Excluding every picture, print exactly the lines from the one containing "Длинные женские шорты Fila - вид сзади" through the end of the material below, both ends included.

* DATA SECTION:
-------------------------

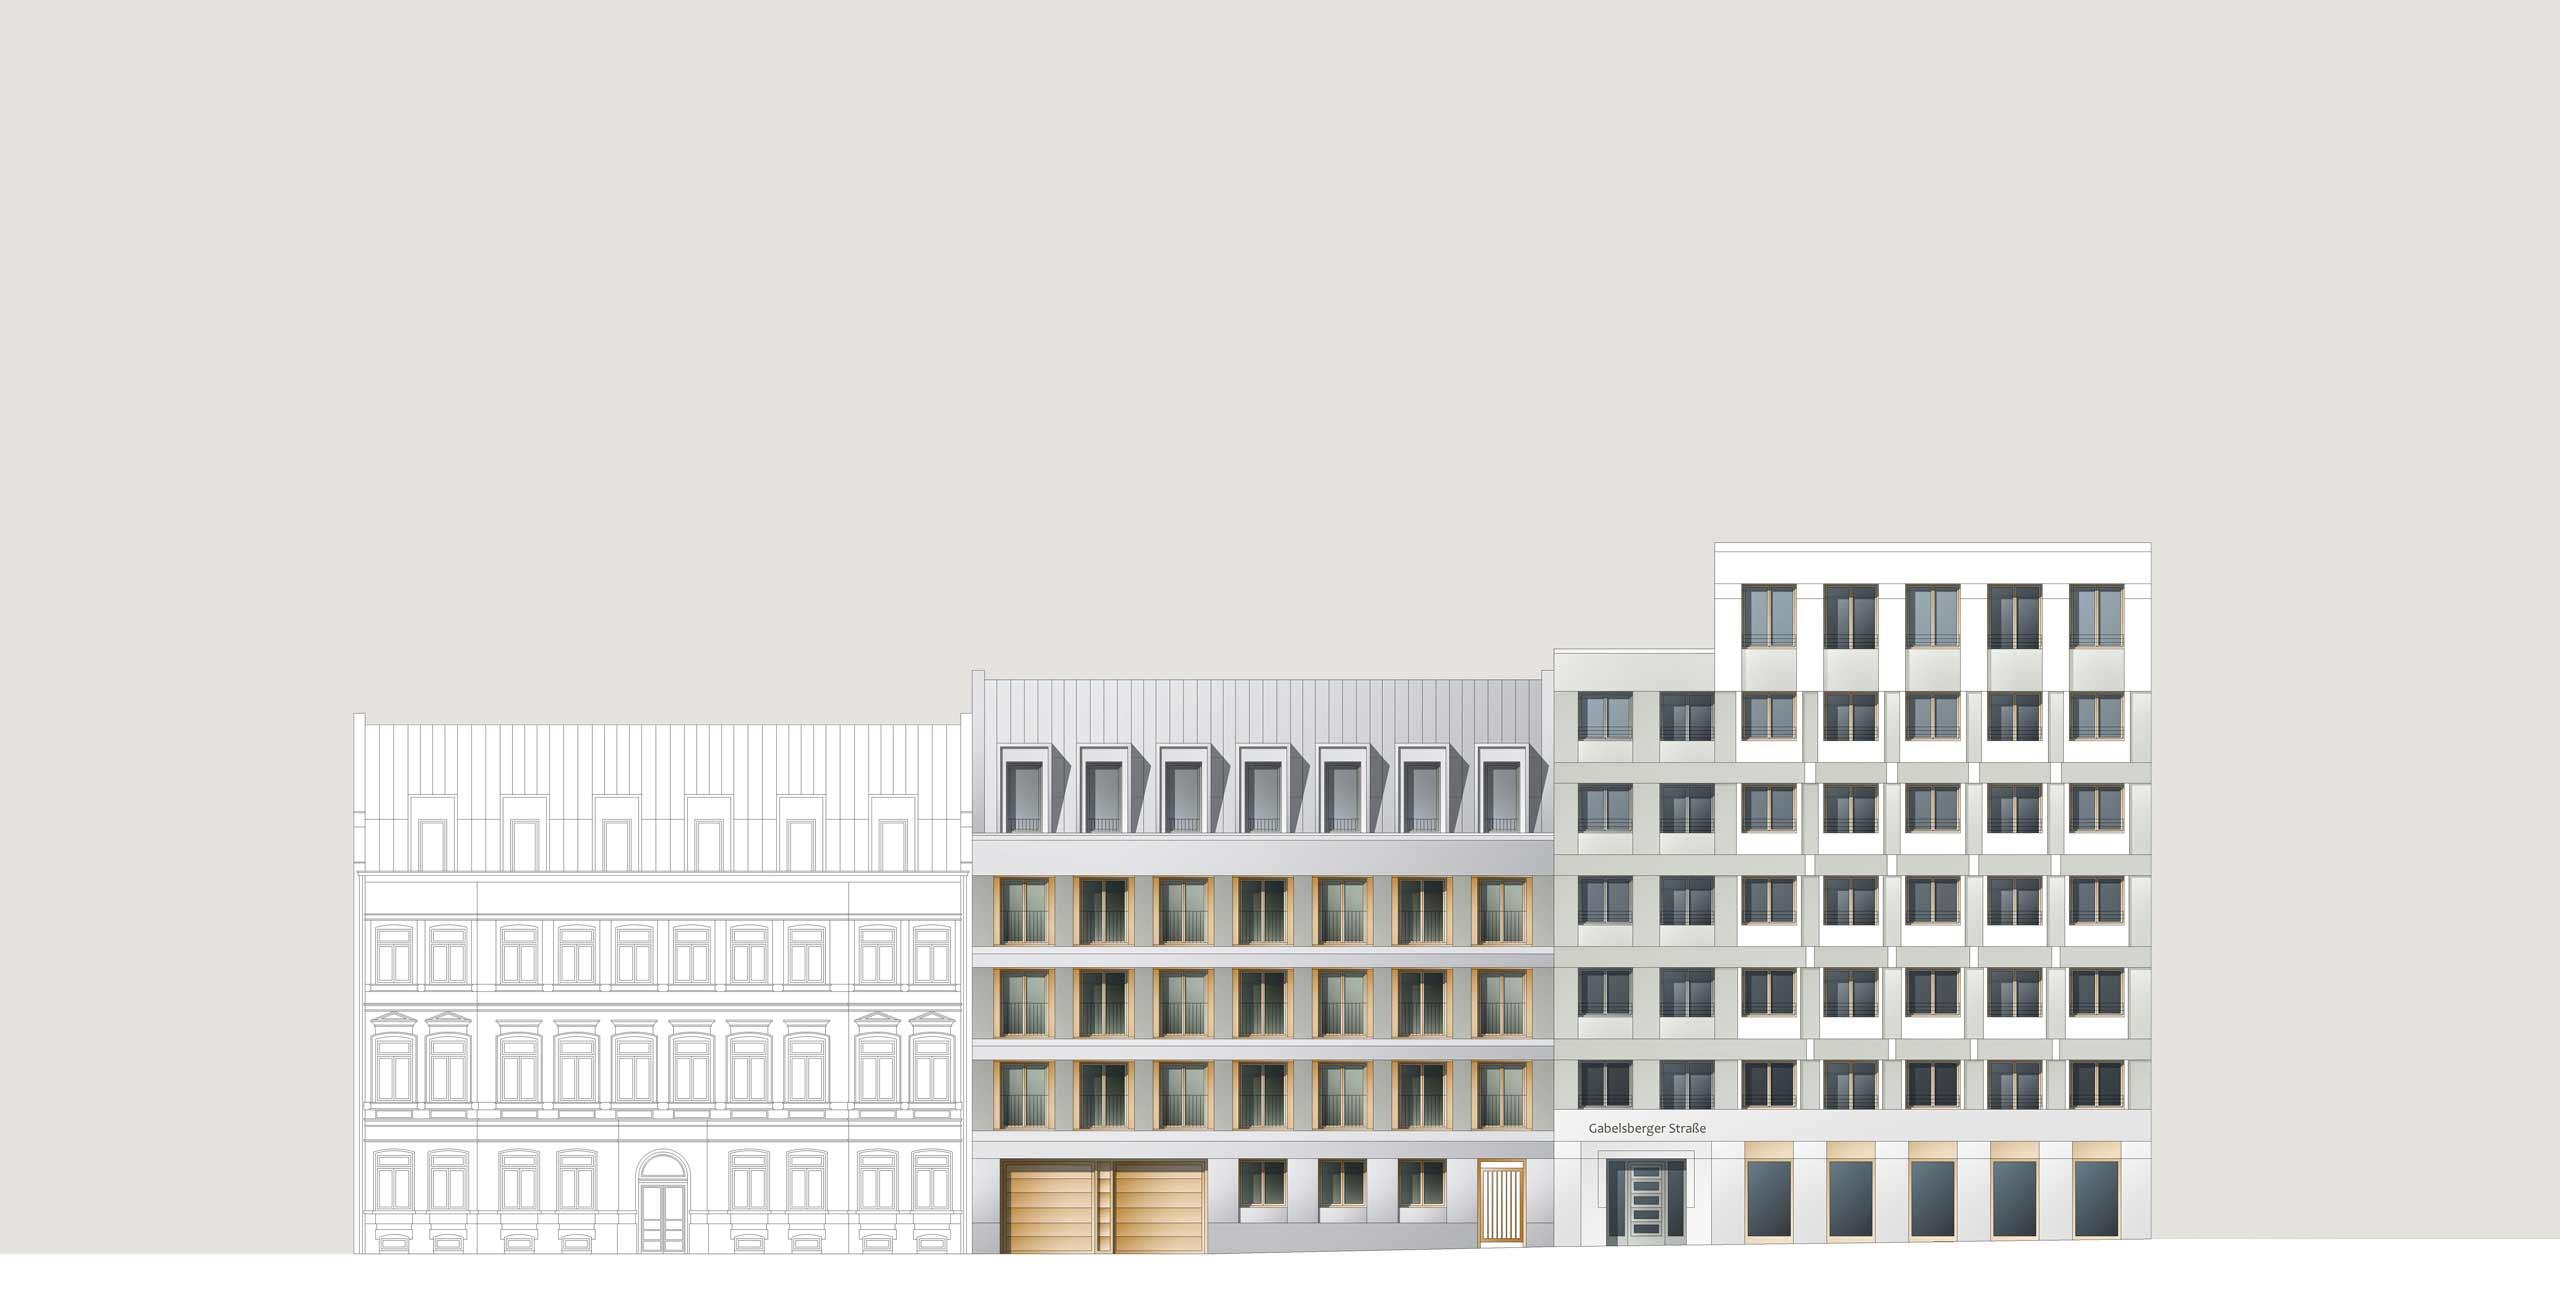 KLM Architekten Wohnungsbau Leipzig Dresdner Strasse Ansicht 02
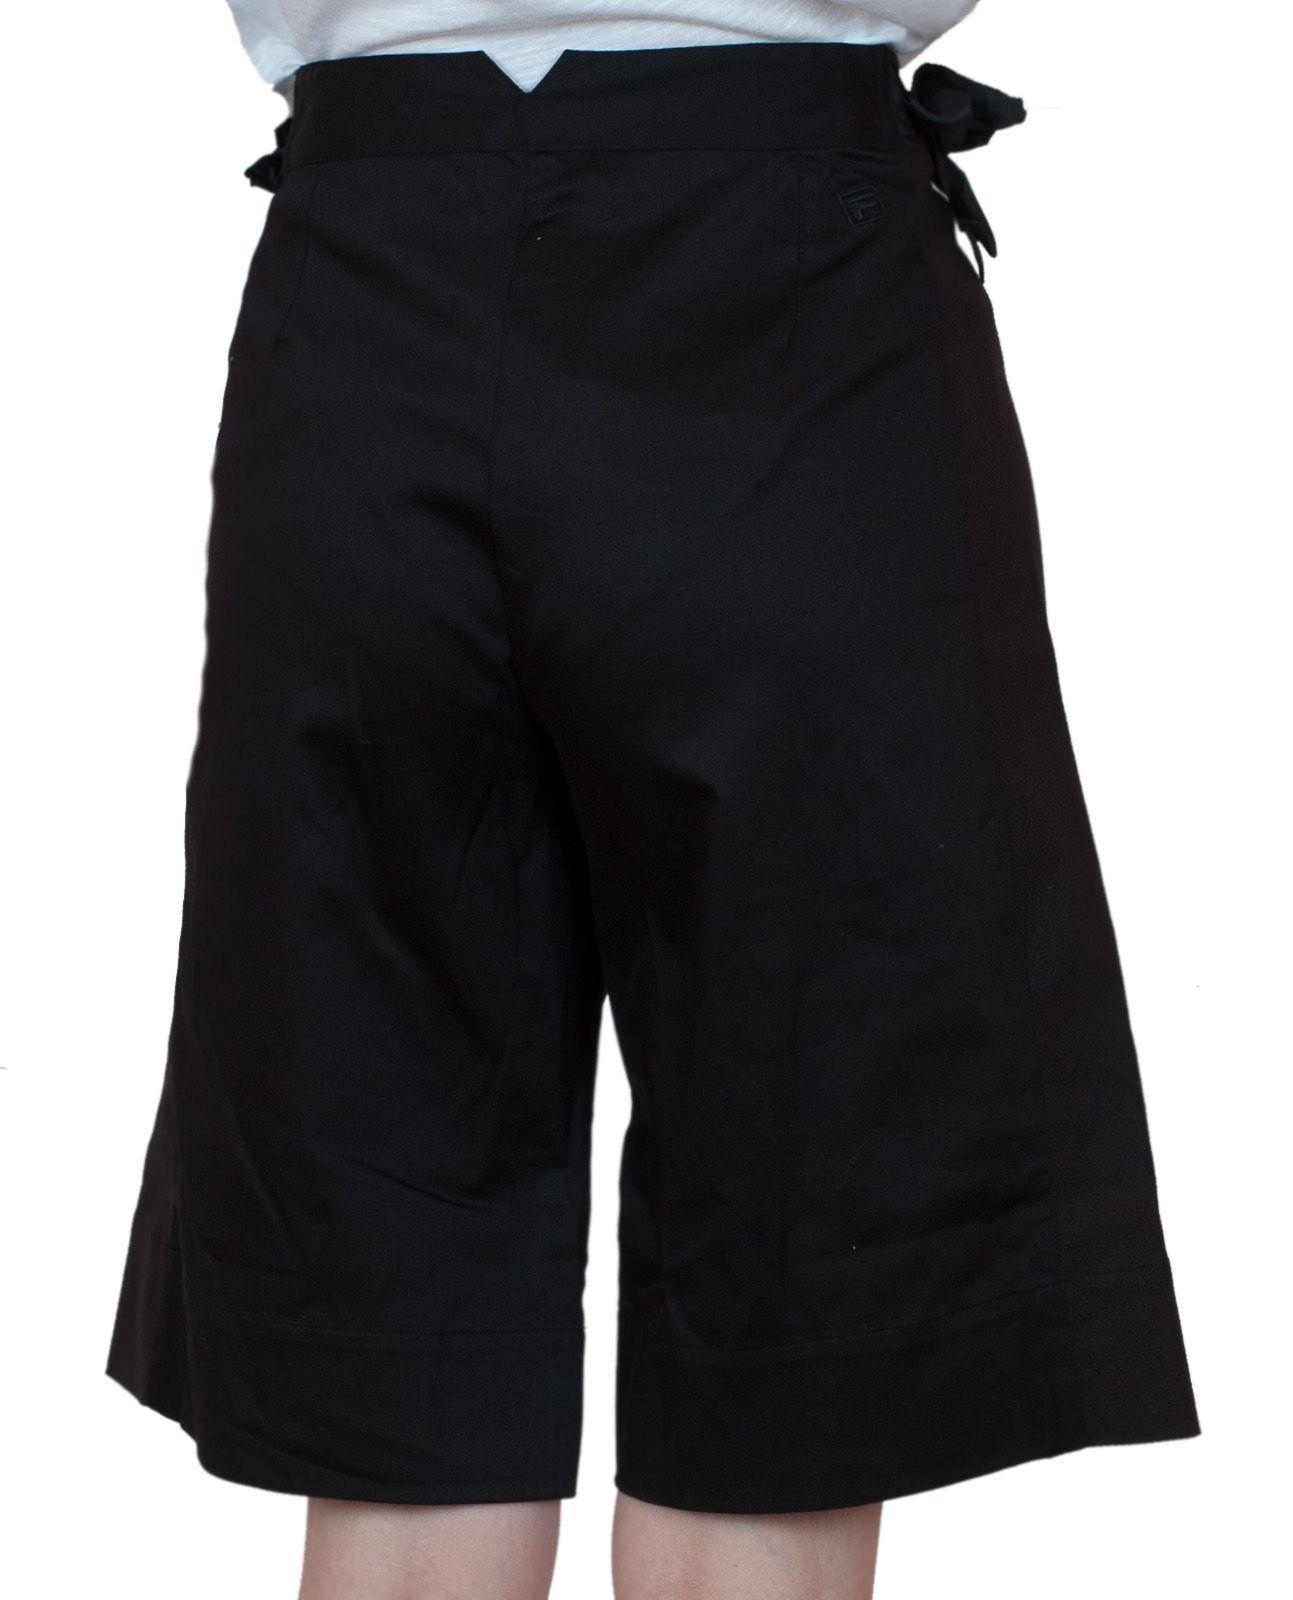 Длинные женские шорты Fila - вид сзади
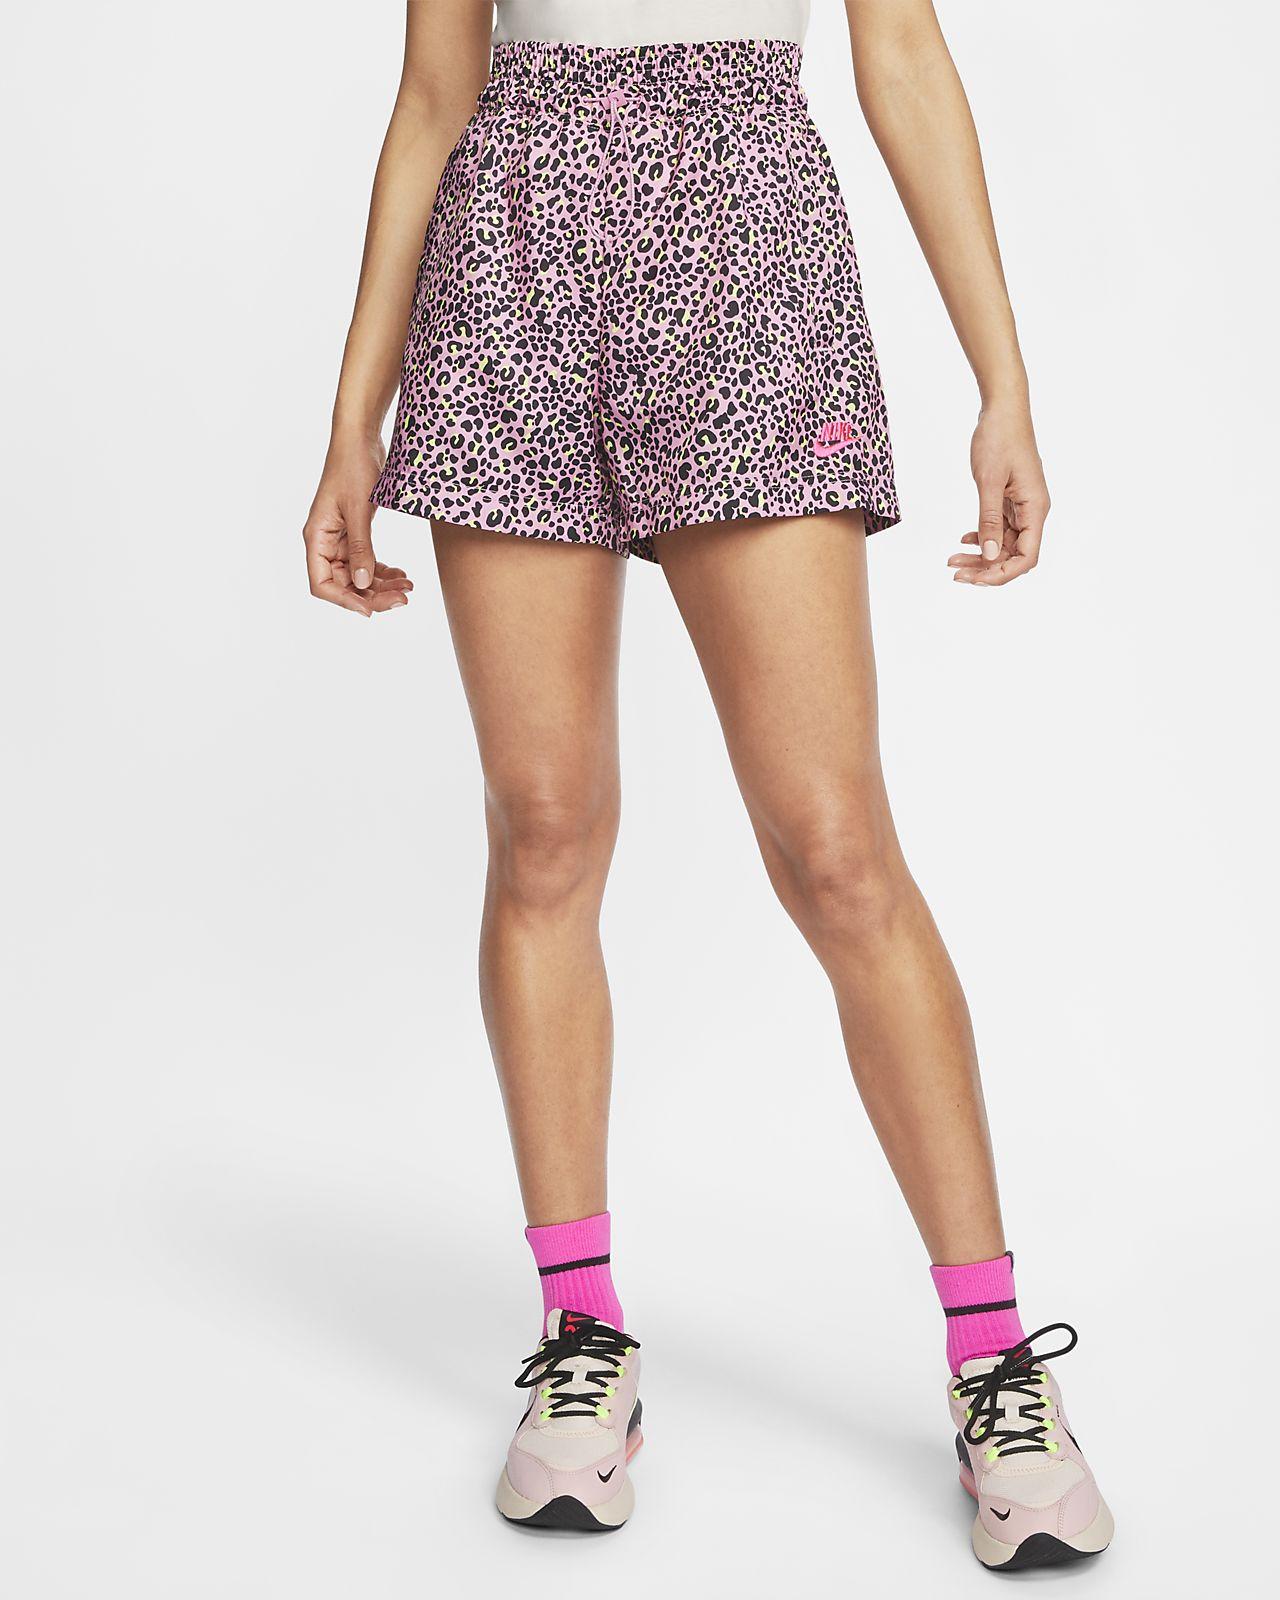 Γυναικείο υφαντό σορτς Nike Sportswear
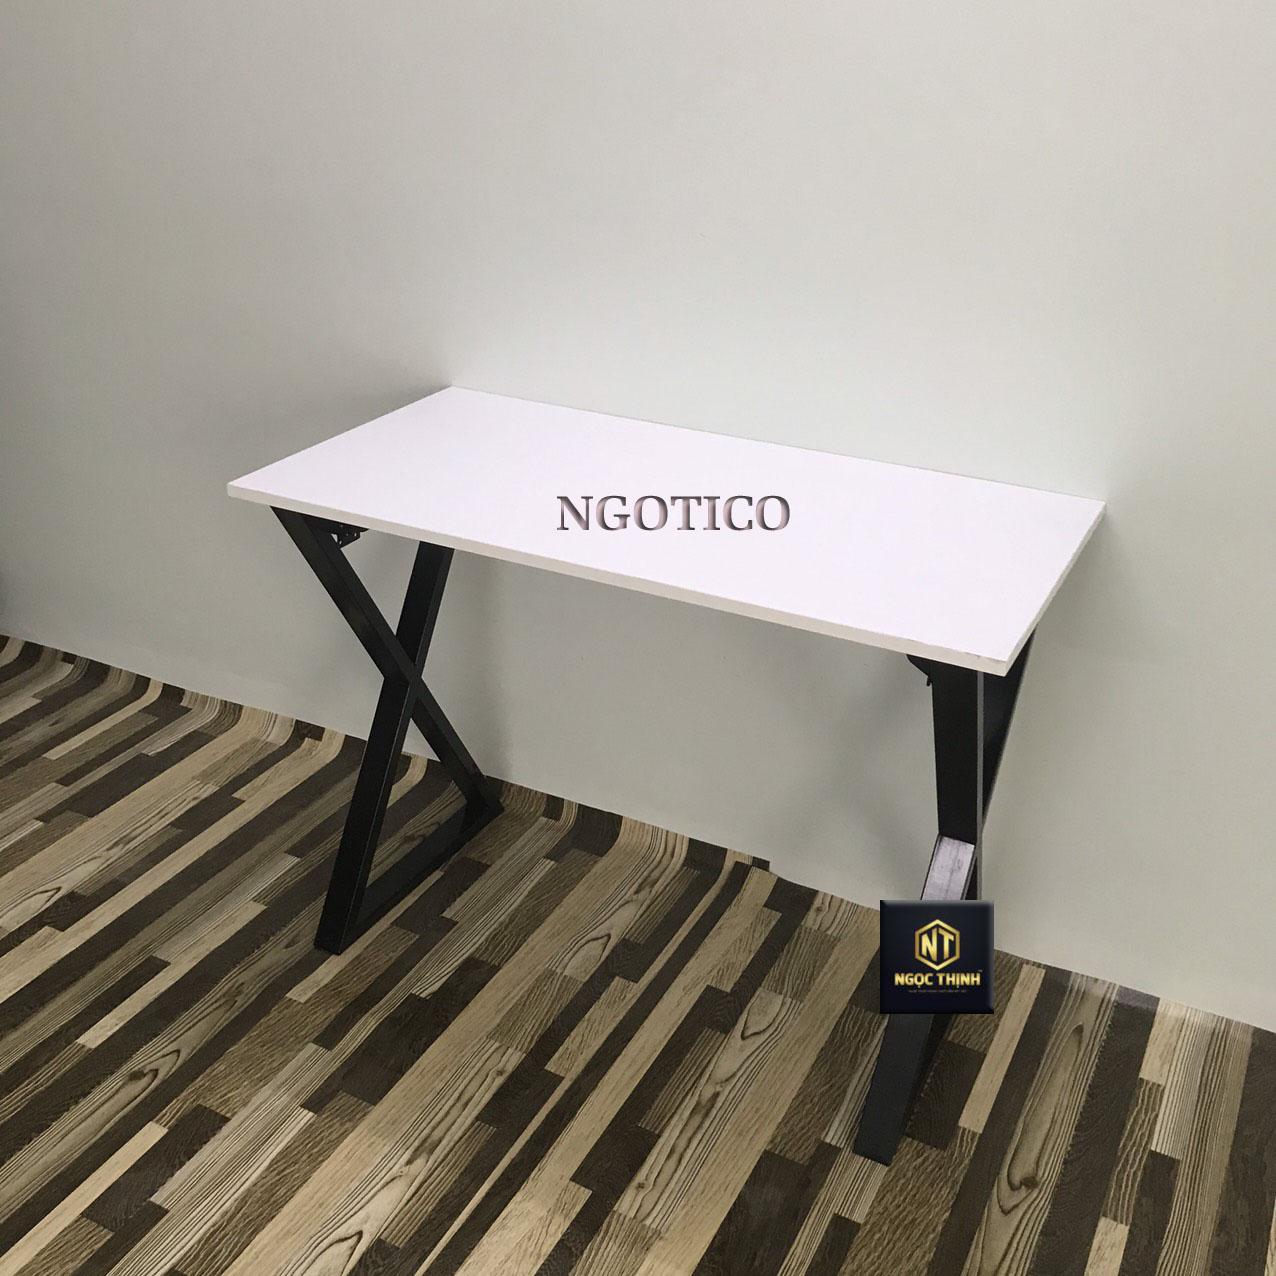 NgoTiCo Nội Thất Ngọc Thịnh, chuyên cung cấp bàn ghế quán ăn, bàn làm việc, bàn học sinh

-------------------------

* PROBLEM SOLUTION:
 Длинные женские шорты Fila - вид сзади
 Γυναικείο υφαντό σορτς Nike Sportswear
 NgoTiCo Nội Thất Ngọc Thịnh, chuyên cung cấp bàn ghế quán ăn, bàn làm việc, bàn học sinh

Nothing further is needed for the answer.